SELECT Expression.gid, level from Expression WHERE level>1.0;
Question 9
What is the name of the gene that was most positively expressed in experiment exp23? Assume a minimum significance of 1.0.
Question 10
This question builds on question 8; what is the name of the gene that was "second most positively expressed"? Assume again a minimum significance of 1.0.
Question 11
Which gene(s) were positively expressed in ALL the experiments listed in the Experiments table?
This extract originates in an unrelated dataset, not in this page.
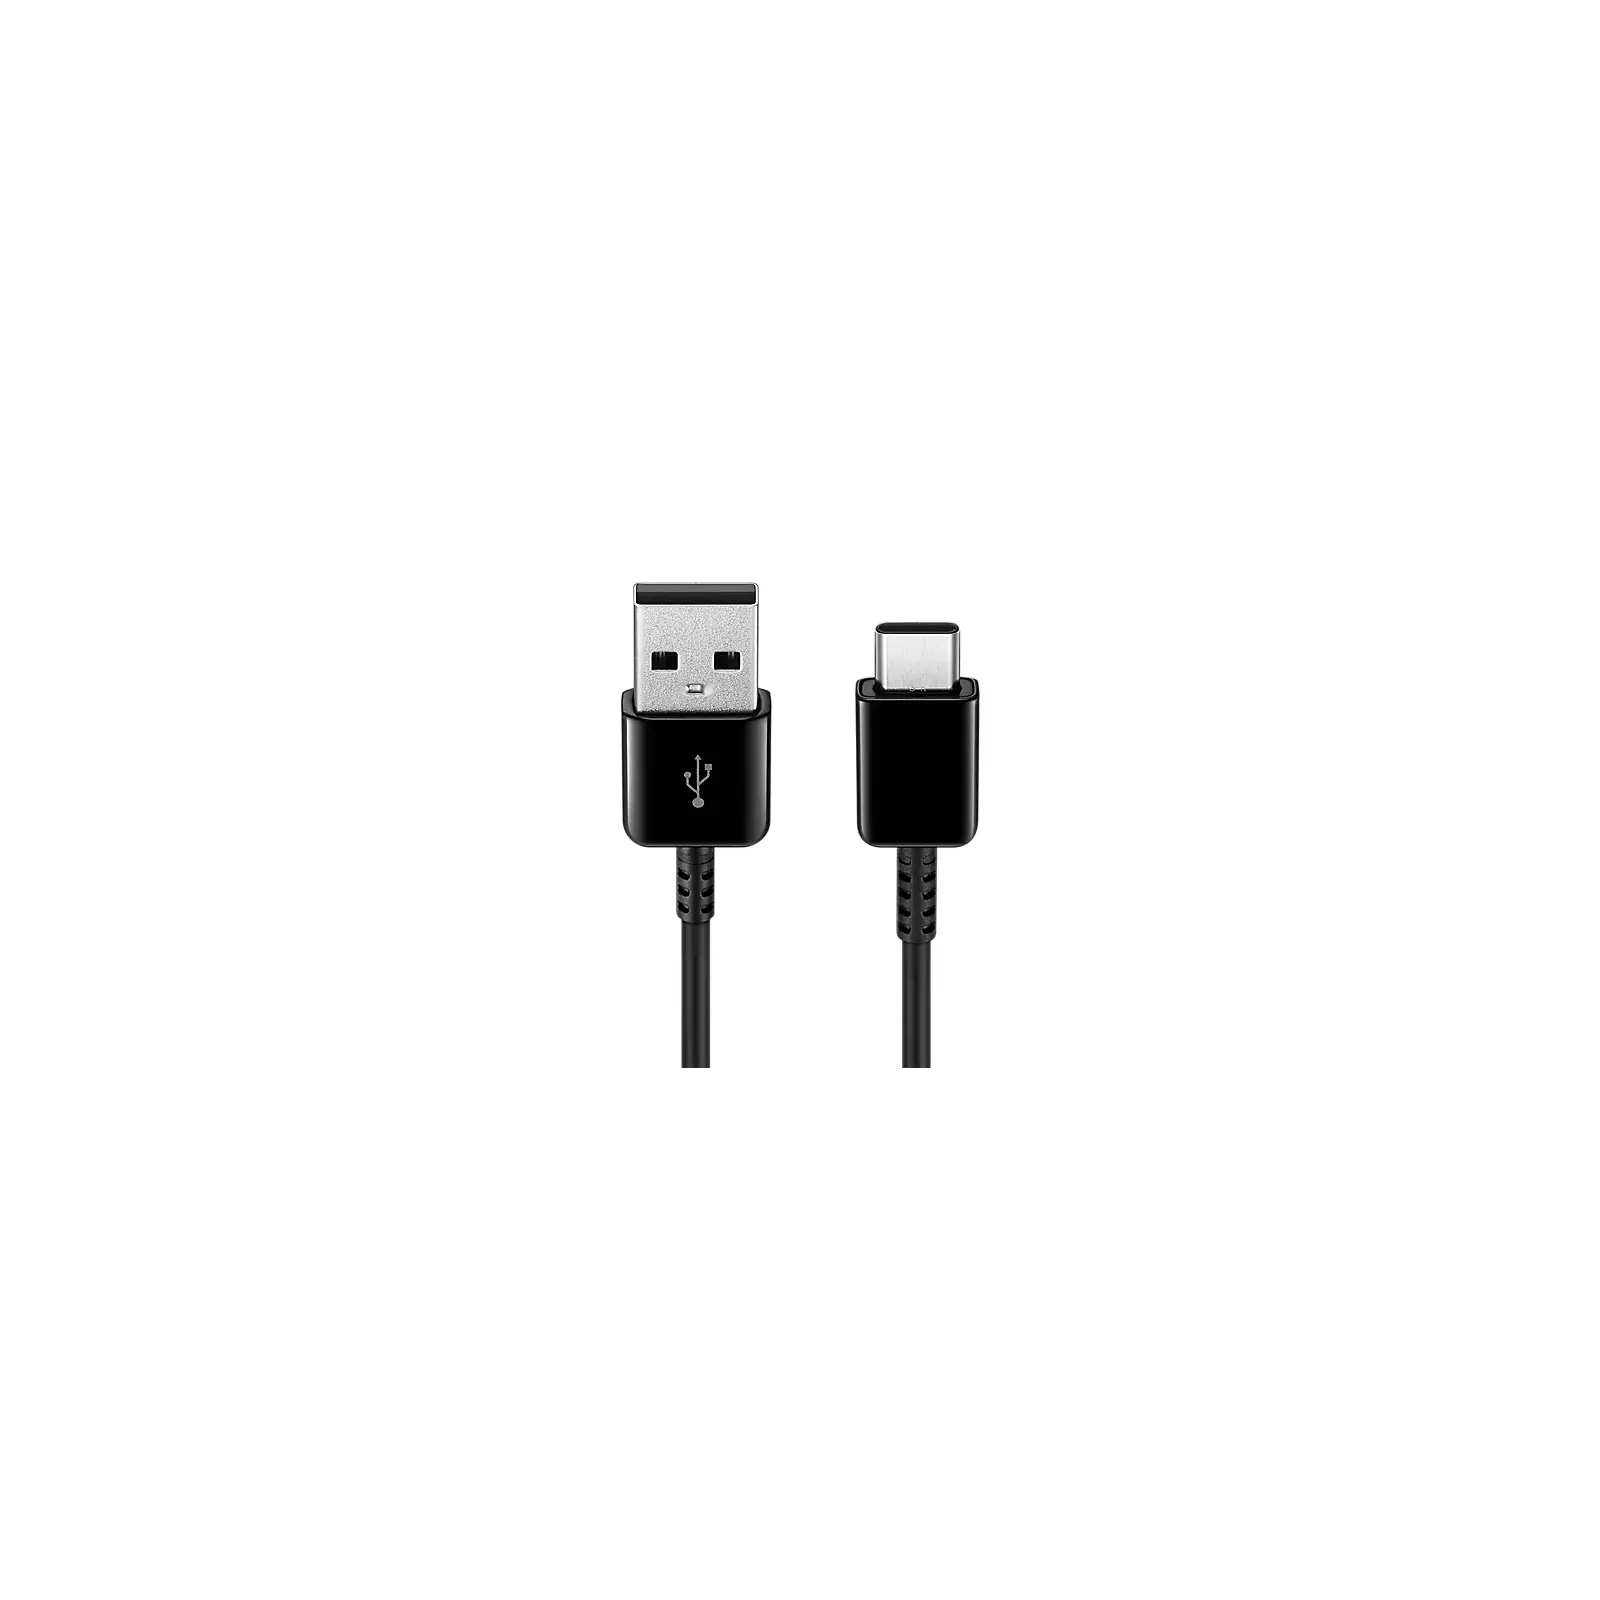 Samsung EP-DG930 1.5m USB A USB C Male Male Black USB Cable

No constraints on significance level.
Question 12
Prepare a table of genes, their annotation, and any experiment in which they were either the highest or lowest expressed (of any significance level). Include a fourth column to say if they were the highest or lowest.